"When backend node status changes by failover etc., watchdog notifies the information to other pgpool-IIs and synchronizes them. When online recovery occurs, watchdog restricts client connections to other pgpool-IIs for avoiding inconsistency between backends."
You're taking that out of context, though. That is coming from the doc http://www.pgpool.net/docs/latest/pgpool-en.html#watchdog, which is describing how Watchdog coordinates fault of pgpool-II backend processes and coordinates the pgpool-II instances with each other. It is for maintaining availability of pgpool-II and monitoring for failure of pgpool-II backends, not Postgres/postmaster.
But it appears that the fail condition for "watchdog" is the failure of a pgpool-II instance. In the configuration described in the wiki you would put a pgpool-II instance on each Postgres node, and if one of the pgpool-II instances fails it executes a script (which can create the trigger file to promote the standby to master). However, if the fail condition for watchdog is a failure of the pgpool-II instance what happens if the DBMS has availability issues but the pgpool-II process on that server is ok? The fail condition would never be triggered, right?
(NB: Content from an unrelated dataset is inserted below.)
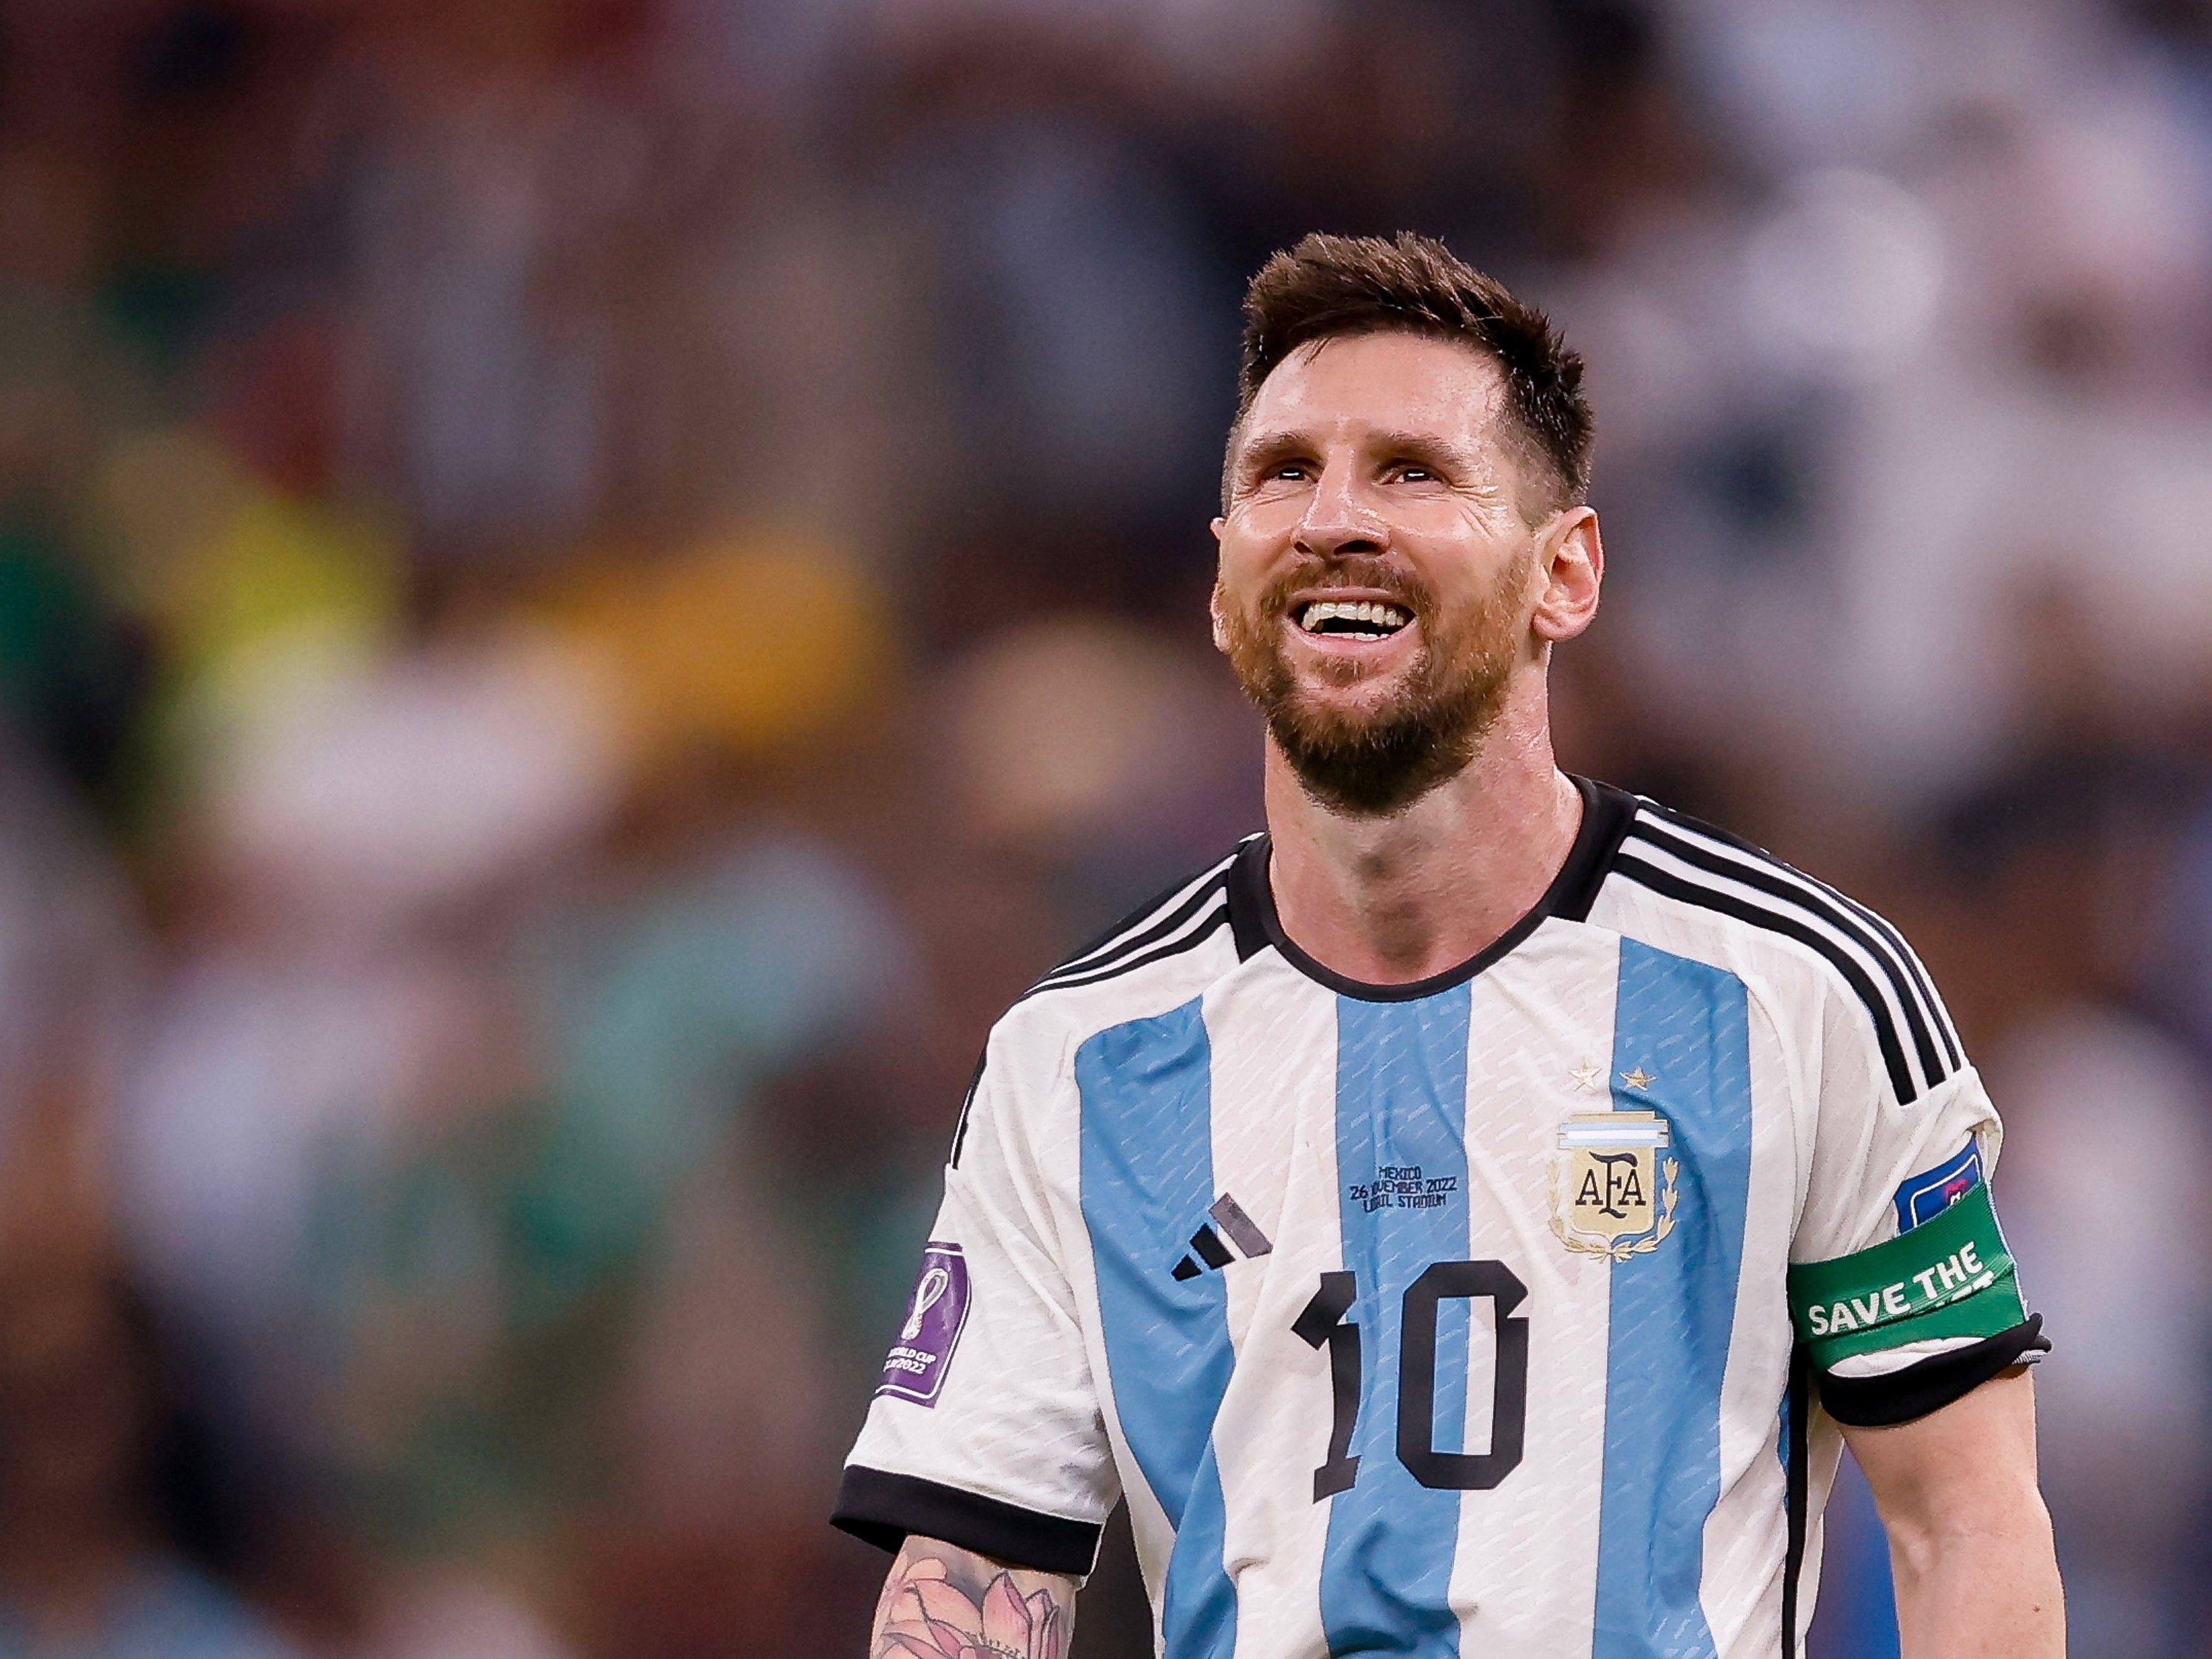 Lugano afirma que Copa do Mundo de Messi foi roubada e critica arbitragem:  'Mão amiga', Esportes

What I am going off of is:
"When backend node status changes by failover etc., watchdog notifies the information to other pgpool-IIs and synchronizes them. When online recovery occurs, watchdog restricts client connections to other pgpool-IIs for avoiding inconsistency between backends."
A backend node status would change if say the master went down, at that point pgpool can be instructed either automatically or manually to failover (depending on configuration) and allow the slave to failover.